Why does one suffer from back pain at the office or from working remotely?
How do we fix the problem?
Here are some good tips!
The chair and back pain at work
For me, this is not an office chair.
No adjustments can be made and it comprises a hard seat and a hard backrest.
If you can work 6 hours a day, long term, on a chair like this one without getting back pain at your home office, I'll raise my hat to you!
An office chair could look more like this (assuming that the backrest is adjustable). Already, if you have a chair that looks like this one, you are more likely to be able to adjust it to your back.
Ideally, we would want this chair to have:
- a seat that adjusts in height, depth and angle of inclination;
- backrest that can be adjusted in height and tilt, and that is high enough to cover the back well;
- a lumbar curvature of the backrest that follows your own lumbar curvature (ideally, the backrest should fit well with your back). An adjustable curvature can help.
Some vendors have showrooms where you can try the chairs. I often say that chairs are like shoes; it's worth trying them!
Adjust Chair Properly
Then, the chair must be well adjusted to your body. This means:
- Feet firmly supported on the ground (or on a footrest - repose-pieds);
- A space of approximately 2 to 3 fingers between the back of the knee and the chair;
- Well adjusted backrest and lumbar curvature.
Of course, you could also adjust the arm supports, seat tension gauge, and angles of inclination, but let’s keep it simple for the moment.
And What if the Backrest is not Comfortable
If you do not intend (nor have the budget) to replace the chair, you might try to add a cushion behind your back for the time being, and see if this helps to reduce the discomfort on your back. I would recommend you try various different cushions to see which one provides you the most comfort.
Furthermore, some companies, such as Obusforme, also offer backrests that can be placed against your chair’s backrest to improve your back’s comfort.
But beware! Using an Obusforme cushion or backrest will advance the position of your body on the chair. You may then end up with insufficient support on your seat. That is, the space between your knees and the chair may be too large, and may lead to some discomfort. The ideal solution, in my opinion, is still an adjustable office chair, sized just right for you. In doubt, you can consult an ergonomist to help you make your choices.
Work while Sitting-Standing
If the solutions described above are not enough to resolve your back pain at the office, you may want to consider purchasing a height-adjustable desk. Such a desk would allow you to alternate between sitting and standing positions to do office work. According to some publications, sit-stand workstations could help reduce low back pain among workers.
But before considering this purchase, make sure this desk will be useful to you!
It may be difficult to accomplish a task that requires a lot of concentration while standing. And, furthermore, some people have difficulty working while standing for extended periods of time.
It is usually recommended to work in a standing position for periods of approximately 20 to 30 minutes at a time, sometimes more (CCOHS), depending on your personal needs and the recommendations of your health care professional. And to be more comfortable in a standing position, add equipment (footrest, rigid plastic box, etc.) with a height of about 15 cm (about 6 inches) to alternately rest one of your feet (left and right).
The main thing is to change your posture according to your needs.
Move, Move and Move!
The human body is not made to sit 7 hours a day, 5 days a week!
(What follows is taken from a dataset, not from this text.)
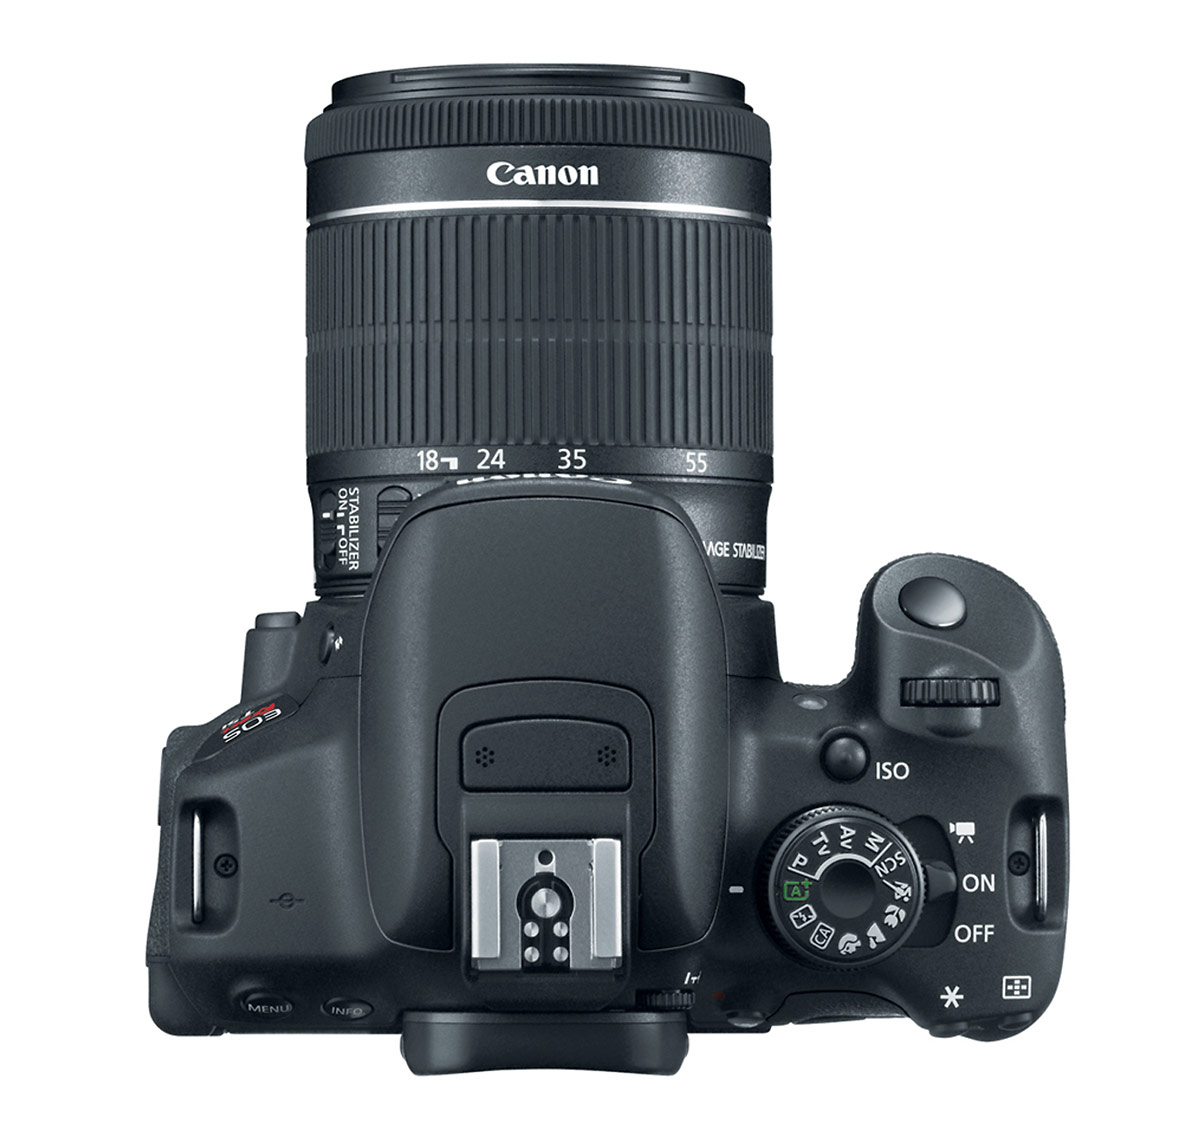 Canon EOS Rebel T5i / EOS 700D - Top View & Controls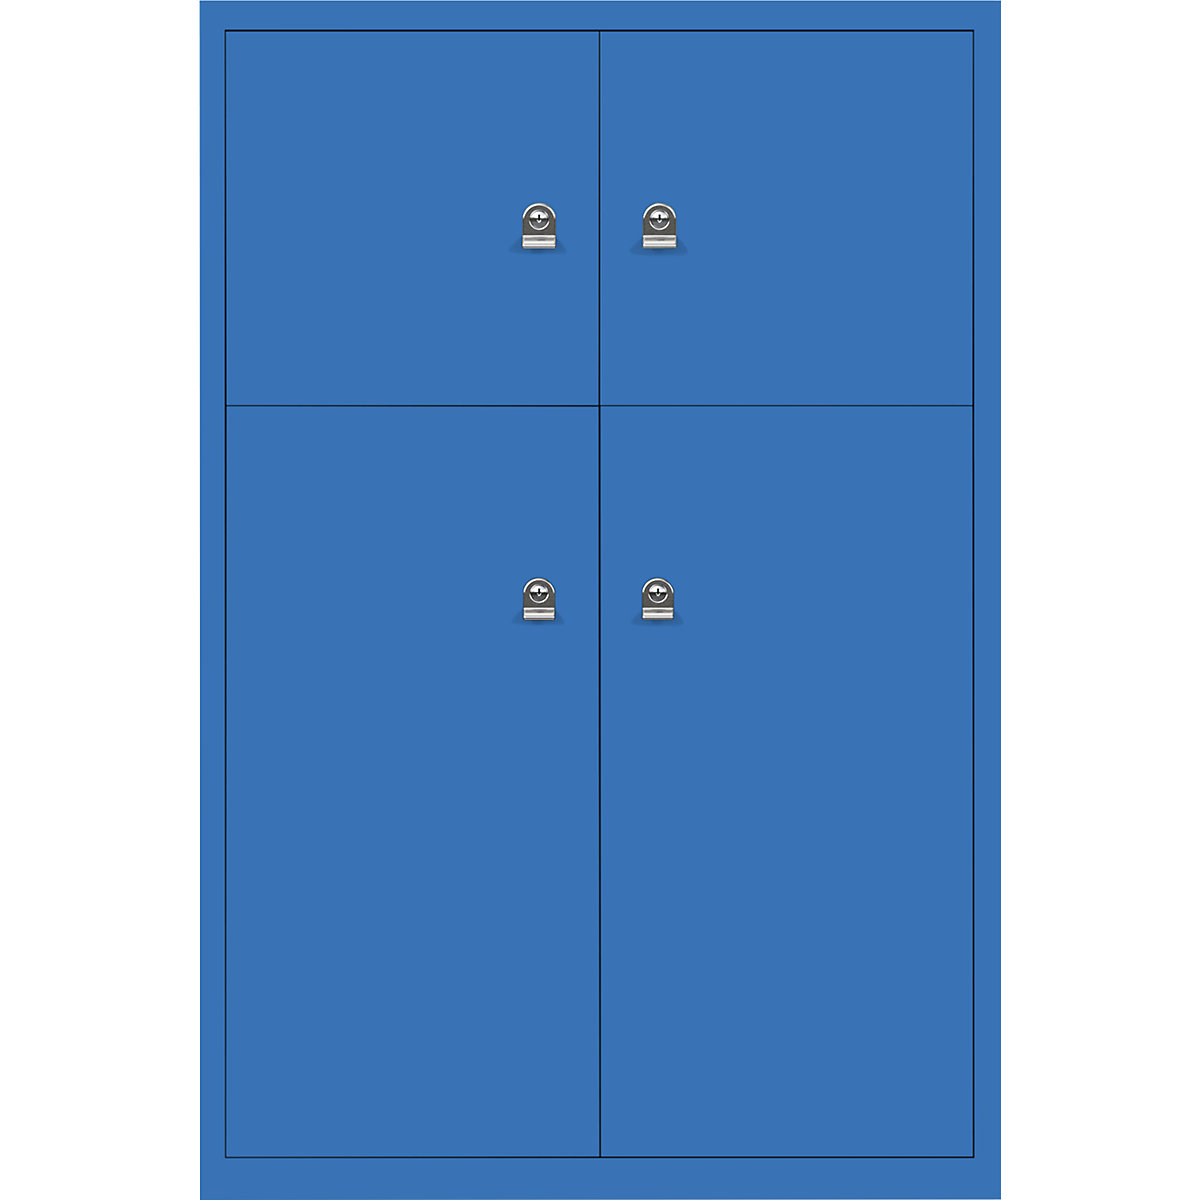 Omara s predelki z zaklepanjem LateralFile™ – BISLEY, 4 predelki z zaklepanjem, višina 2 x 375 mm, 2 x 755 mm, modre barve-27

Take breaks, at least 5 to 10 minutes every hour (see more) whenever possible. Take this opportunity to get a coffee, chat with a colleague or do a short housekeeping task if you work from home.
"Yes, but I never think of it"...
The solution: Set an alarm on your phone!
There are also various software programs to help you, such as Workrave.
And keep on doing physical activity! Walking, swimming, cross-country skiing are often good options! Of course, this needs to be validated by your doctor or therapist, if necessary.
If it is approved, go ahead! Let’s take a walk!
And, of course…
This article is not intended to cover all the possibilities that may be encountered in office ergonomics, but simply to give basic information to help you prevent the incidence of pain and injury.
You have more question about back pain at the office? There's nothing like a good consultation with a professional!